It doesn't really solve the problem. How do you format this code with tabs:
<TAB><TAB>function name(arg1, arg2,
<TABs or spaces?????> arg3 <-- align with arg1)
The other issue is with maximum line length. If you have a maximum line length of 80, do tabs count as 2 spaces, 4 spaces, or 8 spaces towards meeting that line length?
Using spaces ensures that it at least looks consistent, independent of your tabstop settings.
Indent with tabs, align with spaces. Alignment never follows any "N number of spaces" style guide, since by definition its to align with something else.
since we were talking about indention, not alignment, I don't see how anything changes. If I want my indent to be 3 spaces and you want 8, we can set our tab width and arg3 will still be aligned correctly for both of us.
Or you live with misaligned arguments (its a bit of a smell imho to have so many arguments that you need to split them over many lines, although it for sure does happen) and just use tabs for both.
My main point is that with tab, each individual has some control over their preferences, even if not perfect for alignment, while with spaces everyone has to live with the standard and nobody has control over their preference. That is, tabs is "mostly people get what they want", spaces is "nobody gets what they want unless they happen to want the style guide imposed on them". The former seems a lot better to me!
You learn to live without precisely aligned arguments!
Really this is a peculiar kind of OCD. You don't need to have arg3 precisely lined up with arg1. Or better yet, indent all the arguments in a nice column - if there's so many that they can't fit horizontally, render them vertically. Most IDEs default to two indentations for continuation.
I've had some discussions with folks on projects who are very... focused on linting and formatting rules. They've reformatted my code in the past, and have insisted on blocking code that doesn't pass all their listing rules.
Them: "We have to use these tools to avoid disagreements about spacing and formatting choices".
Me: "But... I wasn't having any in the first place. It's only the 3 of you that were having these disagreements. And now you're spending ridiculous time planning reformat of entire codebase, instead of actually... moving the project forward.
Please don't bitch about me using $x = new Temp(); in a test file. I'm the only person on the project even making test files, and you're blocking my TEST file because you don't like variable name style..."
They got in to a quandary when trying to inline some JS in to a PHP view file. The PHP standard is 4 spaces, and the person doing some of the JS had defined 2 spaces for JS ("so we can all agree on it") and ... all hell broke loose trying to determine what the style/formatting should be for JS-inside-PHP files. 4 spaces? 2 spaces?
Not the person you're responding to but I do, or actually spacemacs does. The sequence would be $ -> J -> i -> ENTER -> ESC and I guess it's muscle memory.
I agree that this kind of indentation might not make sense on a collaborative project because different people have different standards, but if I'm the only one working on a piece of code I really think precise alignment makes the code a lot more readable.
I don't actually personally do this kind of alignment, but it was the easiest example for me to come up with to illustrate the problem of needing to align text on different lines.
In elm you'd do one of two things: keep all the arguments on one line, or put each on its own line.

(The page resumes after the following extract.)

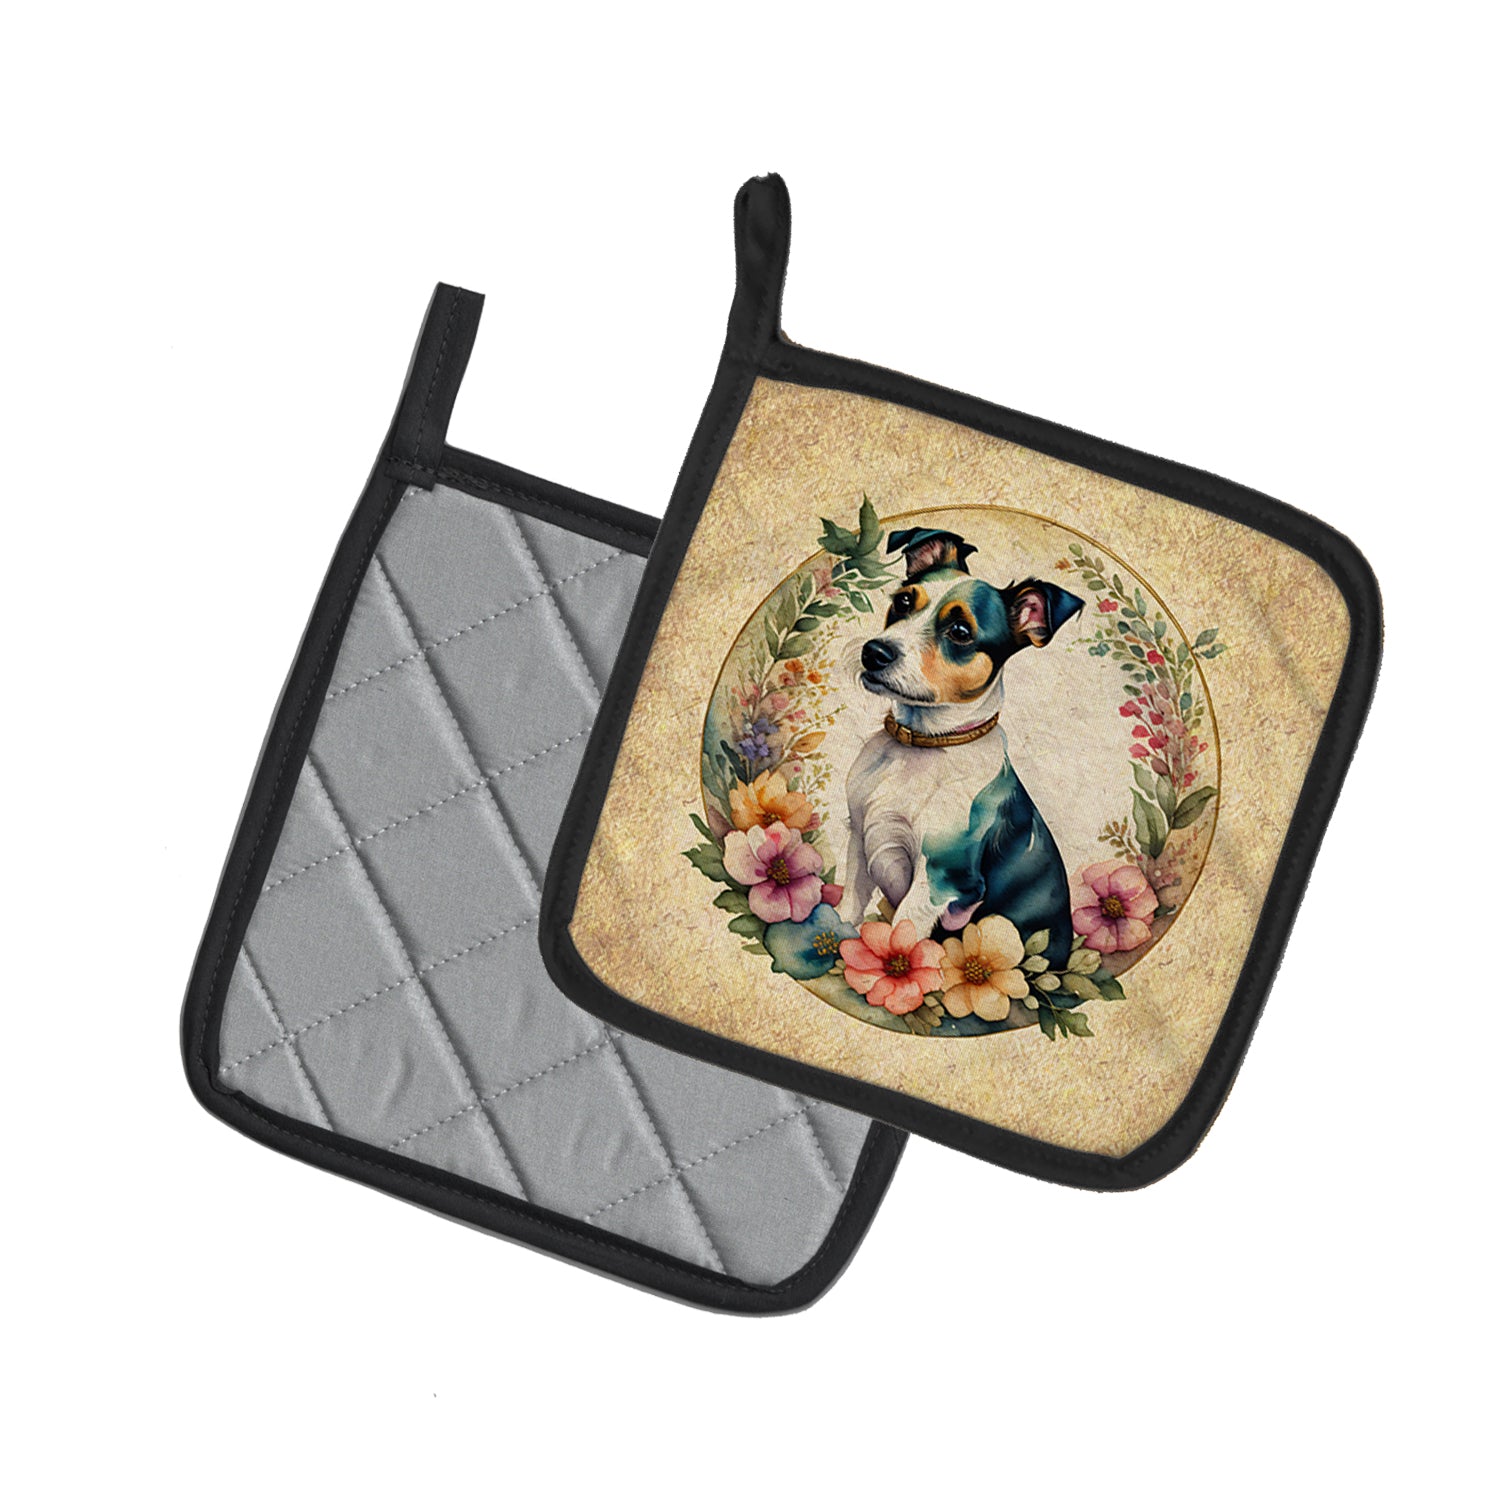 Buy this Jack Russell Terrier and Flowers Pair of Pot Holders

At least, according to the formatter's opinion (which is honestly so nice to use when it just snaps everything into place every time you hit cmd-s). Of course, this convention is violated all the time when listing all the public exports of a package (with good reason IMHO; it lets your group similar things onto lines together) so it's not much of a convention: https://github.com/rundis/elm-bootstrap/commit/e412efe628854...
Using spaces ensures that it at least looks consistent, independent of your tabstop settings.